Microsoft Pursues Strategy for Penetrating Large Organizations

Case Type: math problem; organizational behavior; operations strategy.
Consulting Firm: PricewaterhouseCoopers (PwC) final round job interview.
Industry Coverage: software, information technology (IT).

Case Interview Question #00200: The client Microsoft Corporation (NASDAQ: MSFT) is a multinational corporation headquartered in Redmond, Washington, USA. Microsoft develops, manufactures, licenses, and supports a wide range of software products and IT services predominantly related to computing through its various product divisions.
microsoft headquarter
One particular division of the client makes a software product called Microsoft System Manager (MSM) that manages desktop applications across different machines. There are 2 broad categories of customers — large organizations (with 1000 + computers) and small organizations (with 100 — 1000 computers) that use the MSM software. Microsoft has a strong presence in the small customer segment but has not been able to penetrate the large segment. Question: 1. Why is Microsoft not able to have a footprint in the large segment? 2. What recommendations would you have — stay or exit the large segment? 3. What tactics would you use if the client decides to stay/exit?

Additional Information:

Note to case giver/interviewer: This is a quantitative numbers case — so guide the candidate appropriately.

  • The Microsoft System Manager (MSM) desktop application software reduces system crashes and calls to system administrator. It is a background application so the end-user does not even know that it exists on his / her computer.
  • Microsoft sells the software through computer retail stores that sell software products. There are over 2,000 such retail stores across the country.
  • Large segments are more profitable than small segments, and currently the small segment market is almost saturated. So from the client’s perspective, they clearly need to sell more to large segment. The question is: How do we sell more?
  • No other player operates in this niche market — however an open source system application manager is in the cards.
  • Microsoft’s MSM software is extremely stable and has clear benefits because of reduced system outage. These benefits are more for large companies than for small companies.
  • Client sells the software, retail stores sell support services at time of sale. Retail stores sell using a direct sales force that visits the large / small companies.
  • The average license price for small firm is $2,000. Stores sell 100 licenses a year and get a 10% margin. In addition, retail stores sell support services 100% of the time for each license, each of which produces another $2,000 in revenue with a total margin of 10%.
  • The average license price for large firm is $20,000. Stores sell 12 licenses to get a 25% margin. In addition, retail stores sell support services 20% of the time for each license, each of which produces another $20,000 in revenue with a total margin of 25%.
  • The actual sale is made by sales representatives who get 1% of every $1 in revenue they bring in to the store.
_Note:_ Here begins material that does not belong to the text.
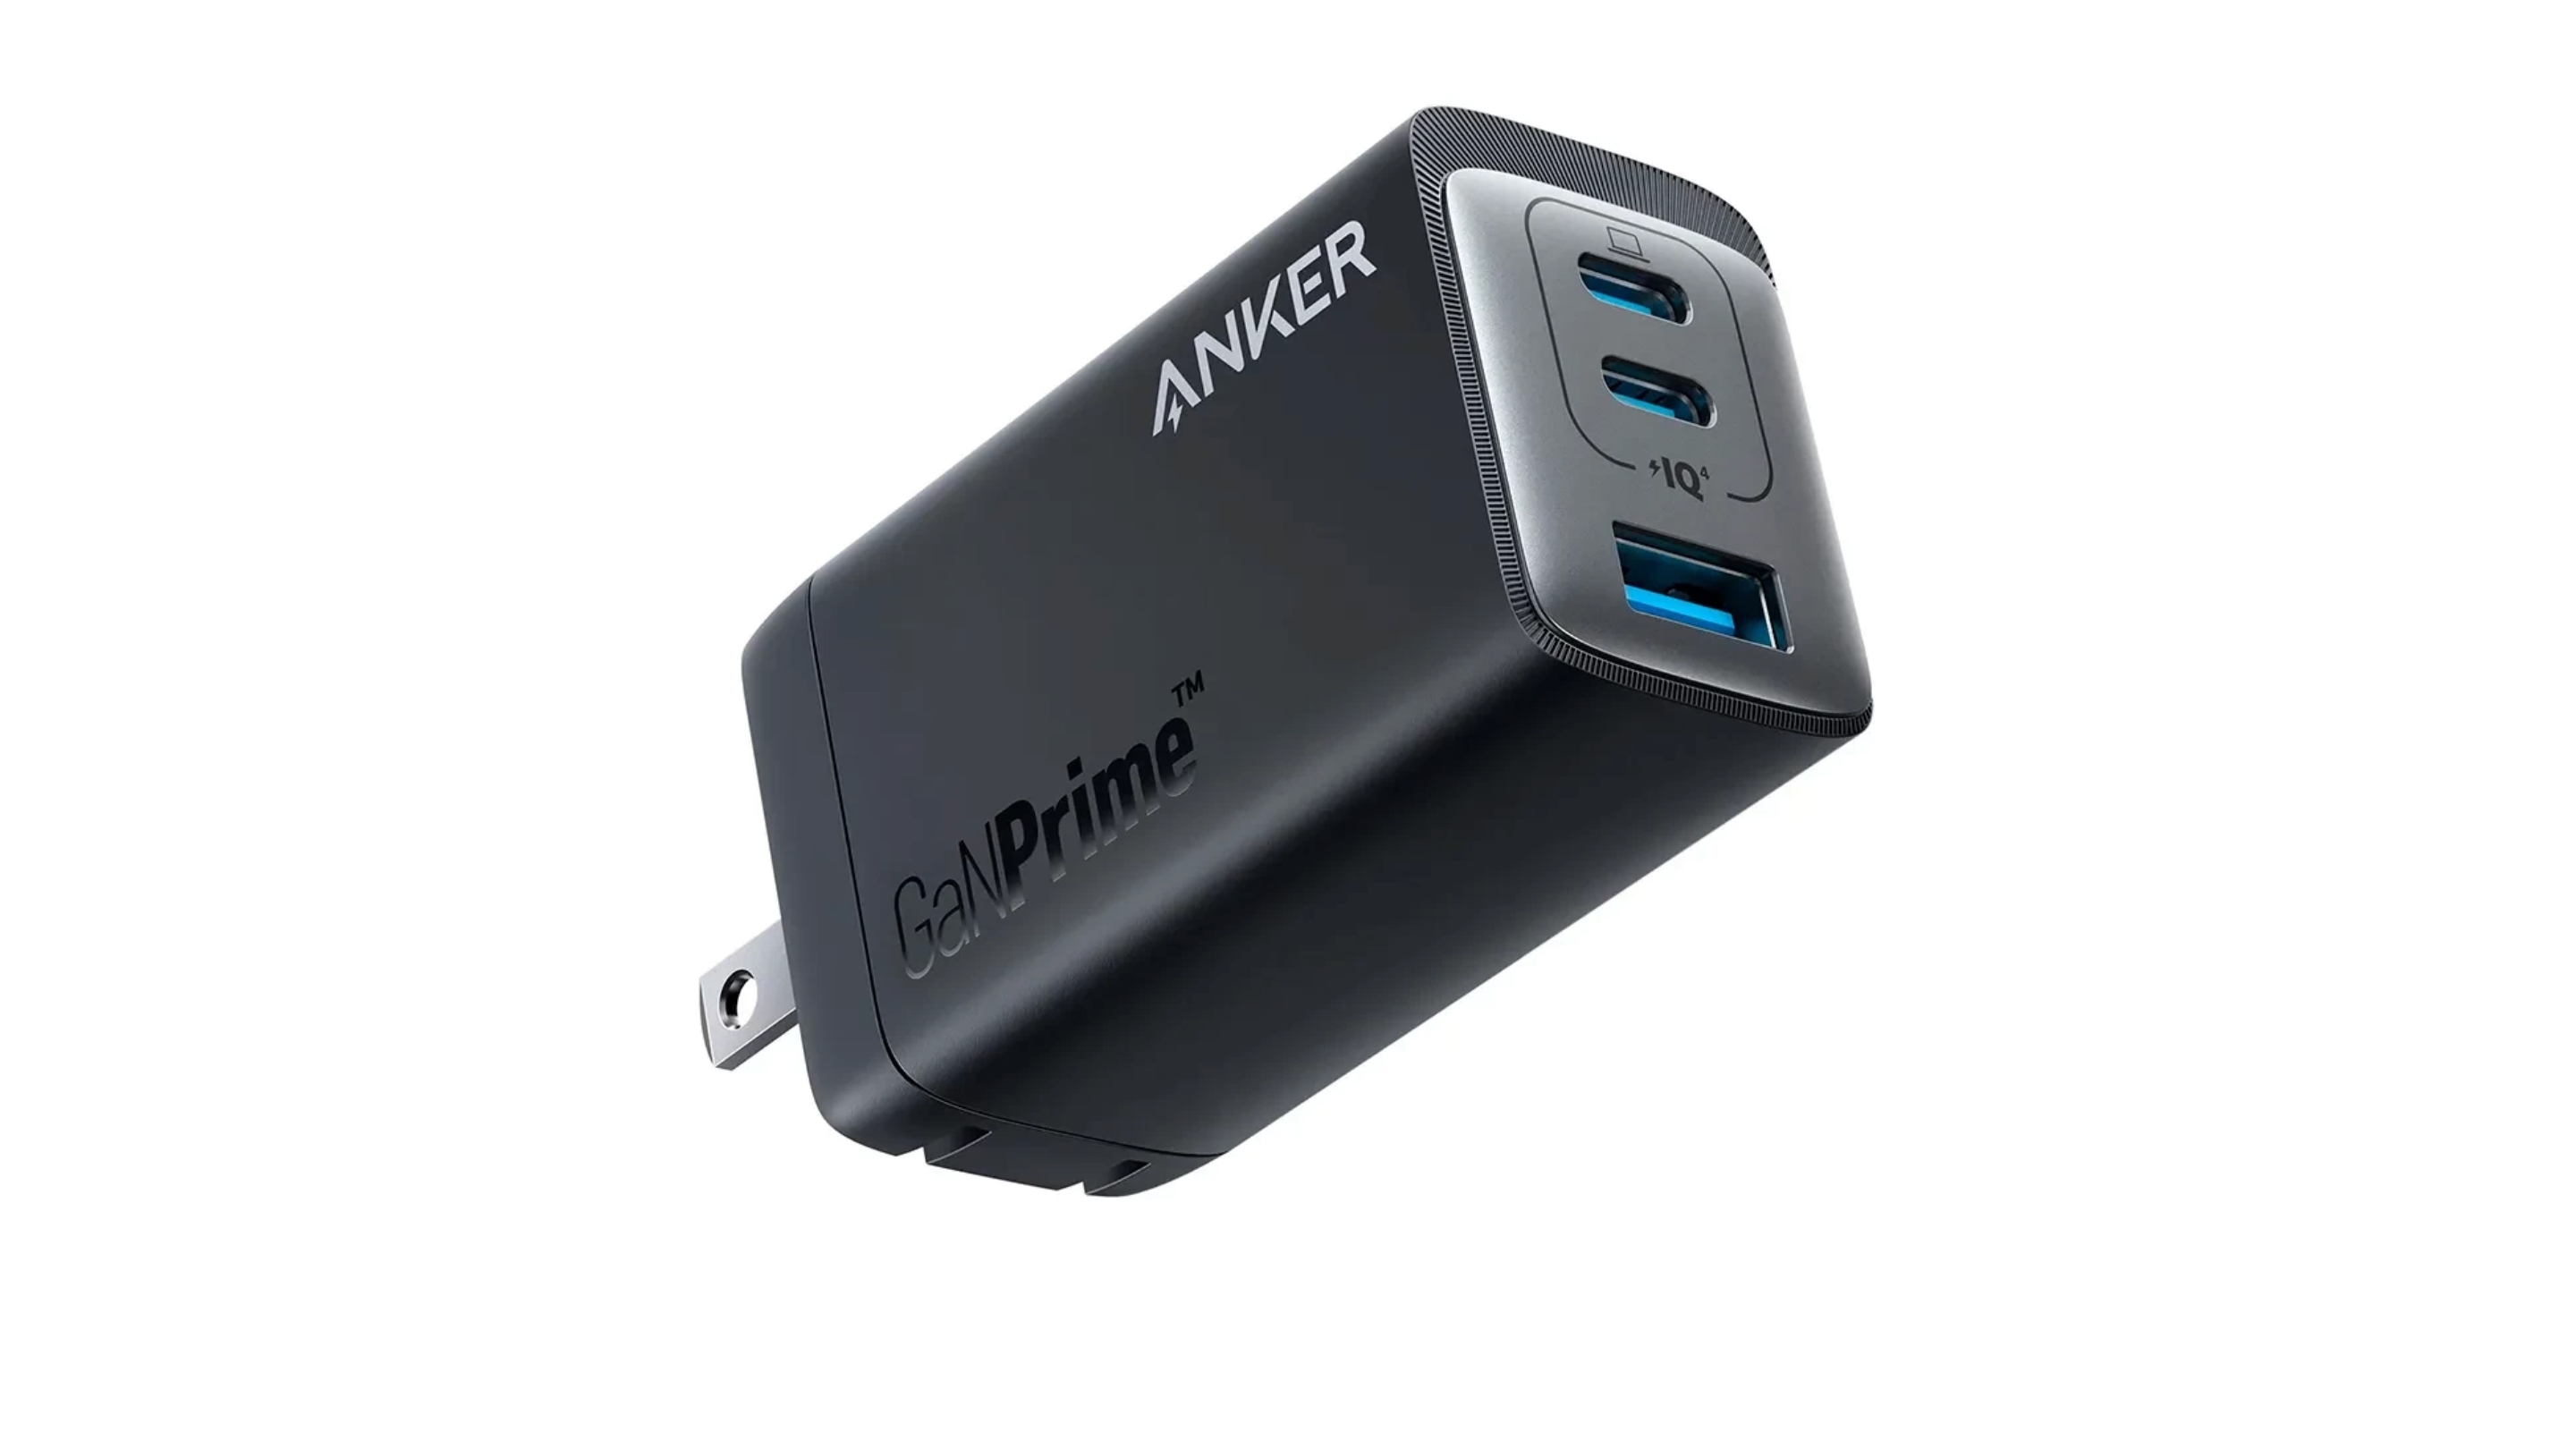 Anker 735 on Amazon: a compact charger for smartphone, tablet and laptop with 65W power and three USB ports for $21 off

A sales representative can either make 8 small company sales or 2 large company sales in a given month.

Possible Answer:

While a 3-C approach works, a faster approach is to contrast the large versus small company and look at the client’s product, competition and features in these 2 segments. The candidate should quickly determine that the problem is in the channel, the open source application is just a distraction. Candidate should realize that large companies will not go in for open source product until the product matures. To compare small company v.s. large company:

1. Small company:
Revenue = 2000 * 100 = 200,000
Profit to store = 200,000 * 0.1 = 20,000
Profit from support services = 200,000 * 0.1 * 100% = 20,000
Net profit to store / company = 40,000

2. Large company:
Revenue = 20000 * 12 = 240,000
Profit to store = 240,000 * 0.25 = 60,000
Profit from support services = 240,000 * 0.25 * 20% = 12,000
Net profit to store / company = 72,000

Therefore, retail stores get more profits if they are able to sell to large companies.

3. Sales representative incentive:
Small firm = 8 * 40,000 * 0.01 = $3,200 per month
Large firm = 2 * 72,000 * 0.01 = $1,440 per month

Sales reps therefore tend to favor searching for small firms — which is okay if they can continue to make 8 sales a month, but this market is maturing, so they are potentially going on fruitless searches. The sales rep incentives should reflect the margin per sale and not just the net margin.

Outstanding Answer

After the candidate gets the numbers, an outstanding answer will just have to be creative:

  • Examine merits / demerits of moving away from channel partner towards having a dedicated direct sales force.
  • Piggyback on another software vendor’s direct sales force.
  • Partner with computer vendors (Dell, HP, etc) to have software installed in OEM (Original Equipment Manufacturer) fashion, etc.